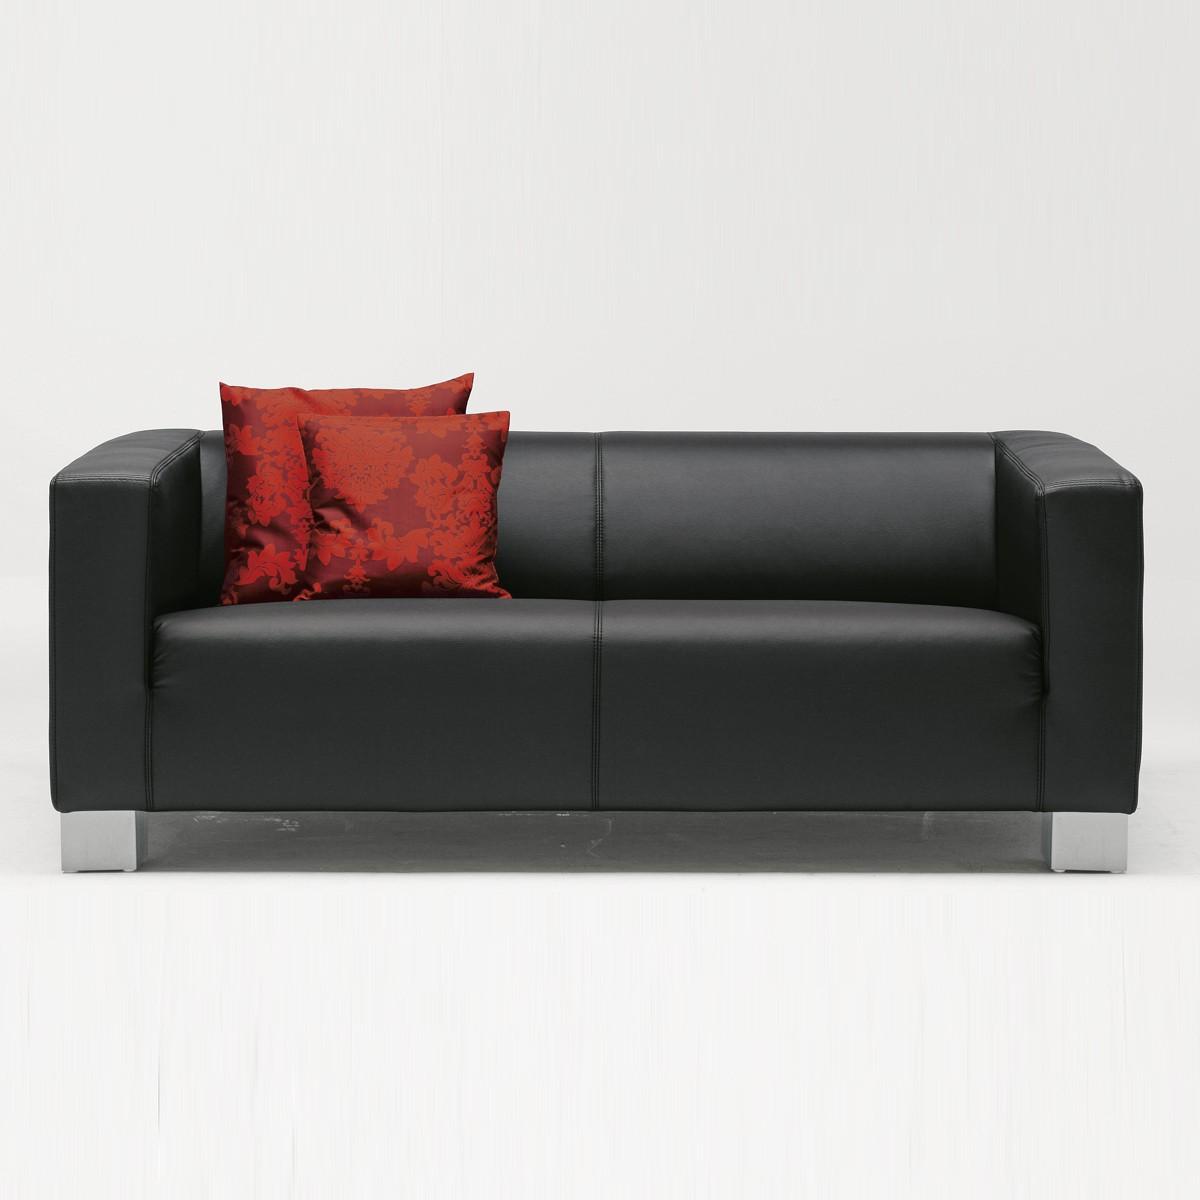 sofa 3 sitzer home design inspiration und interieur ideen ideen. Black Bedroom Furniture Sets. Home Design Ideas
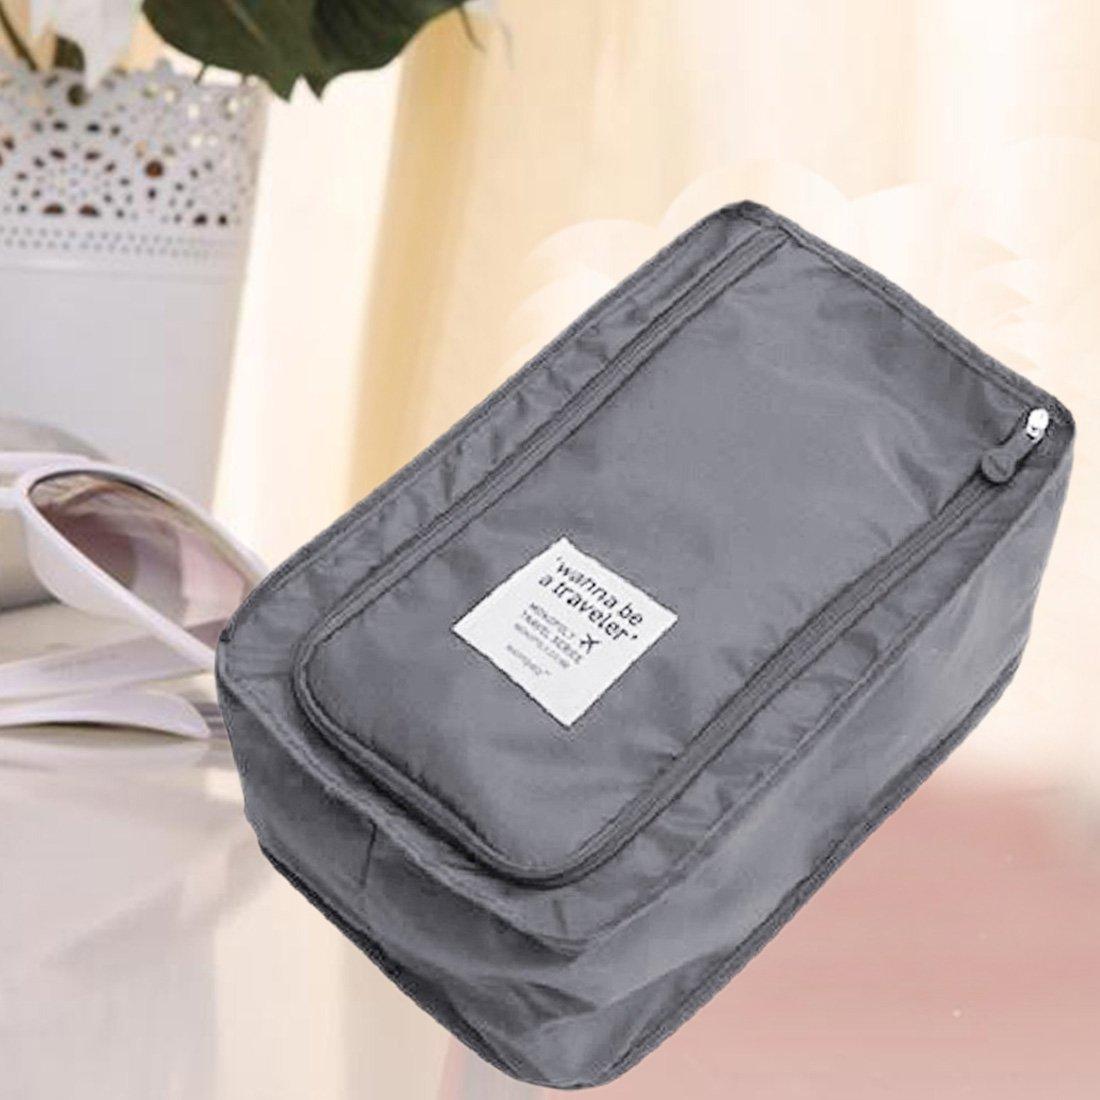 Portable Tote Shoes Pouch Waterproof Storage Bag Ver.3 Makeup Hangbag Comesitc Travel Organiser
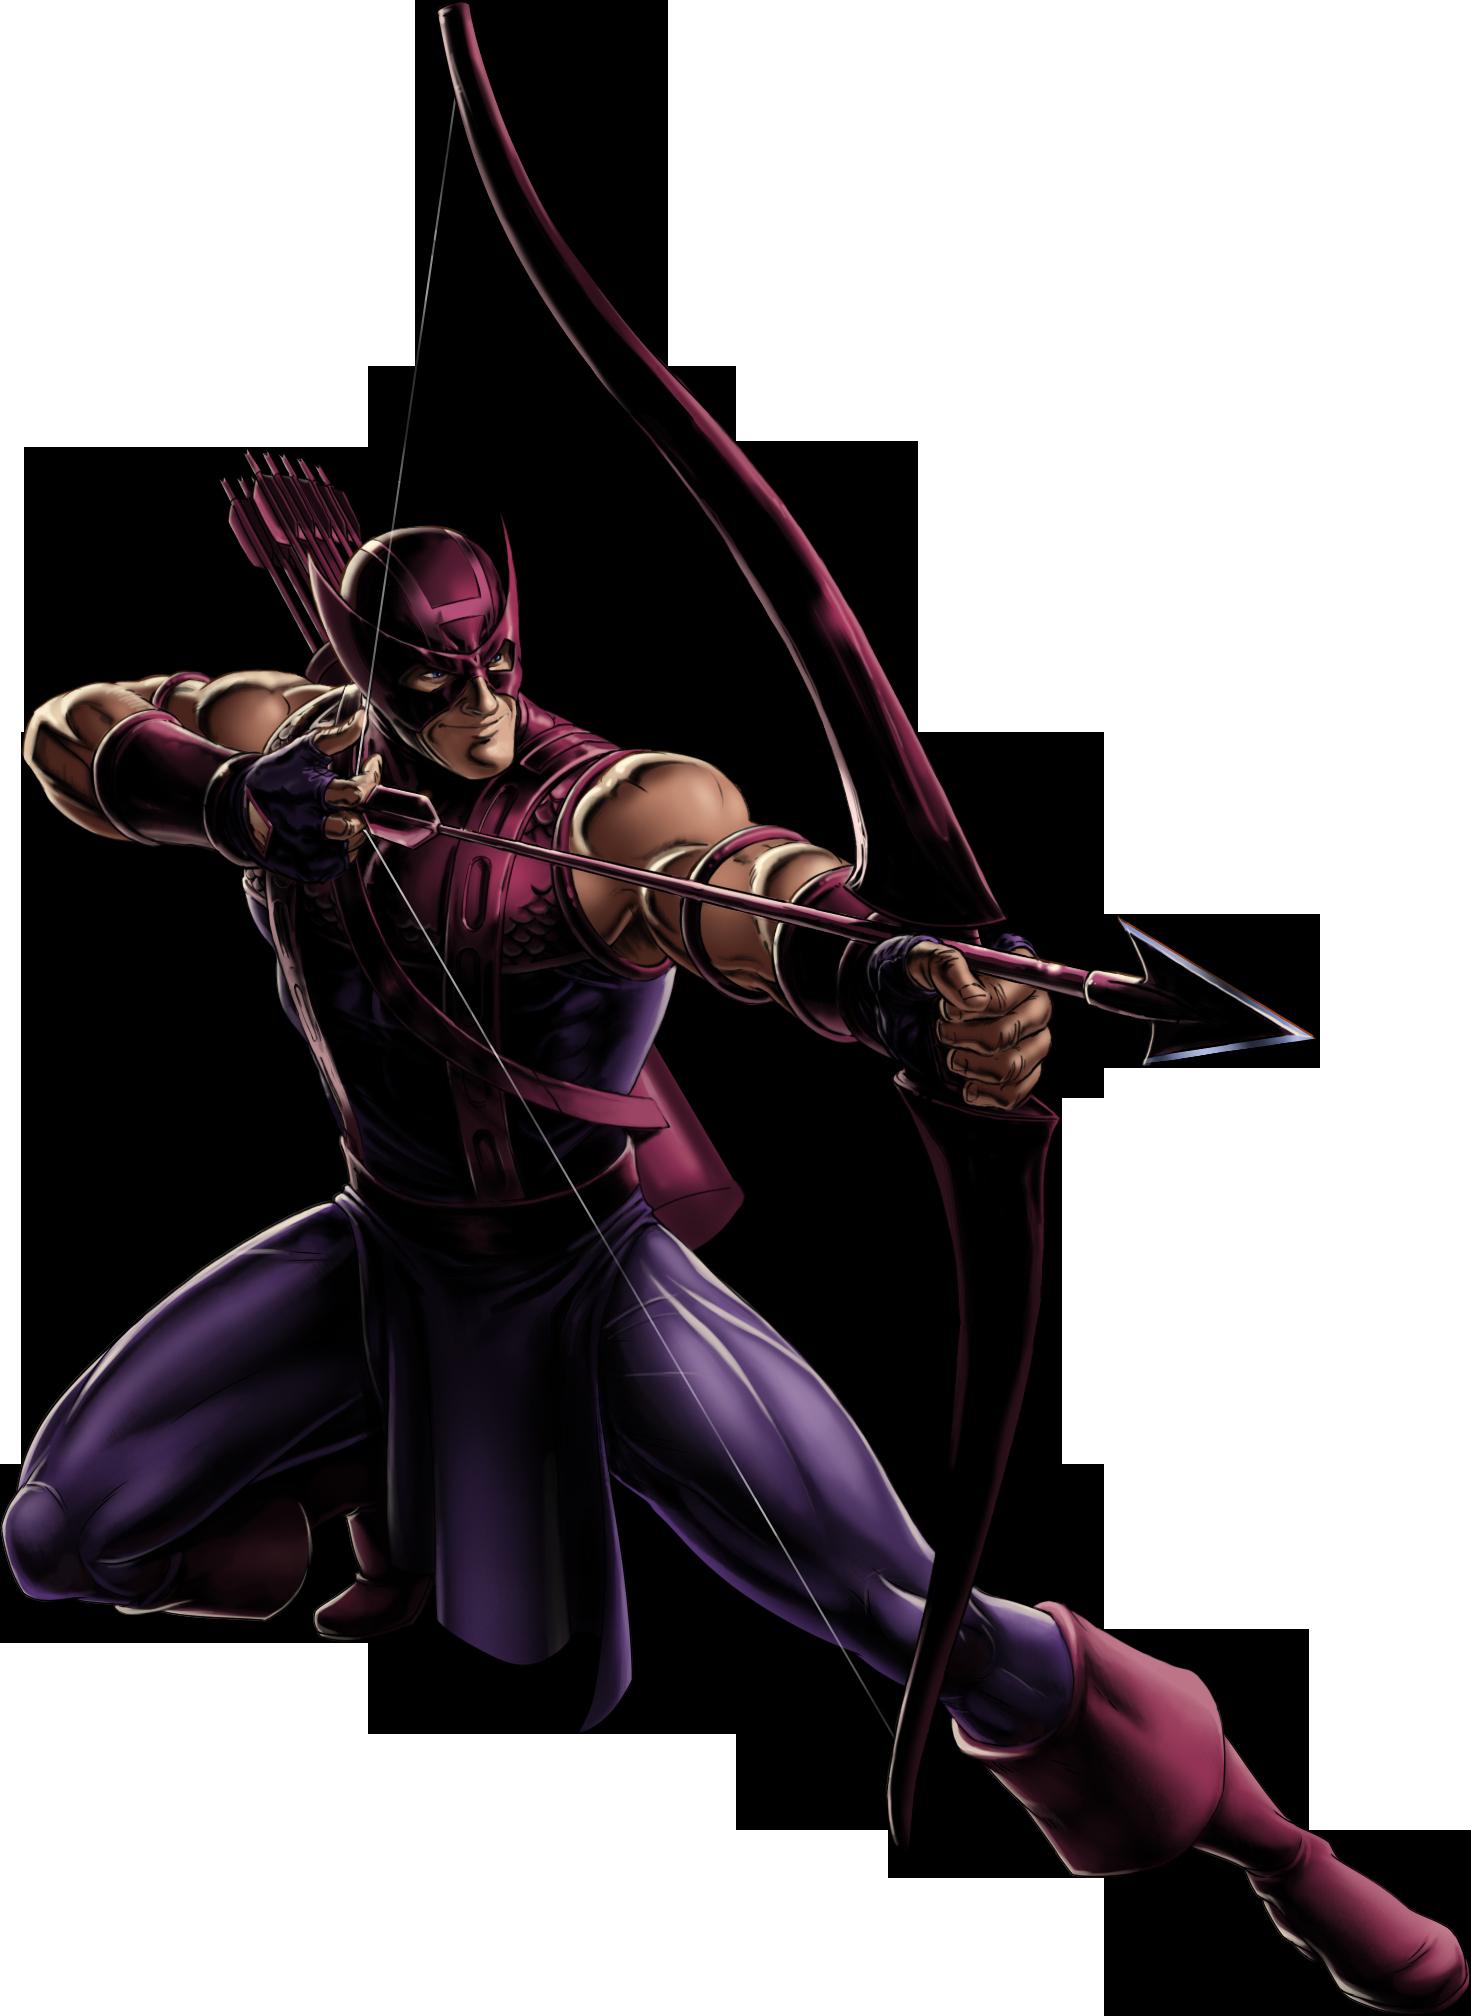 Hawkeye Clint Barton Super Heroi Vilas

* _REQUIRED ACTION_: Word-for-word output of the material above is needed, with the pictures left out.

* _EXERCISE ANSWER_:
 sofa 3 sitzer home design inspiration und interieur ideen ideen. Black Bedroom Furniture Sets. Home Design Ideas
 Portable Tote Shoes Pouch Waterproof Storage Bag Ver.3 Makeup Hangbag Comesitc Travel Organiser
 Hawkeye Clint Barton Super Heroi Vilas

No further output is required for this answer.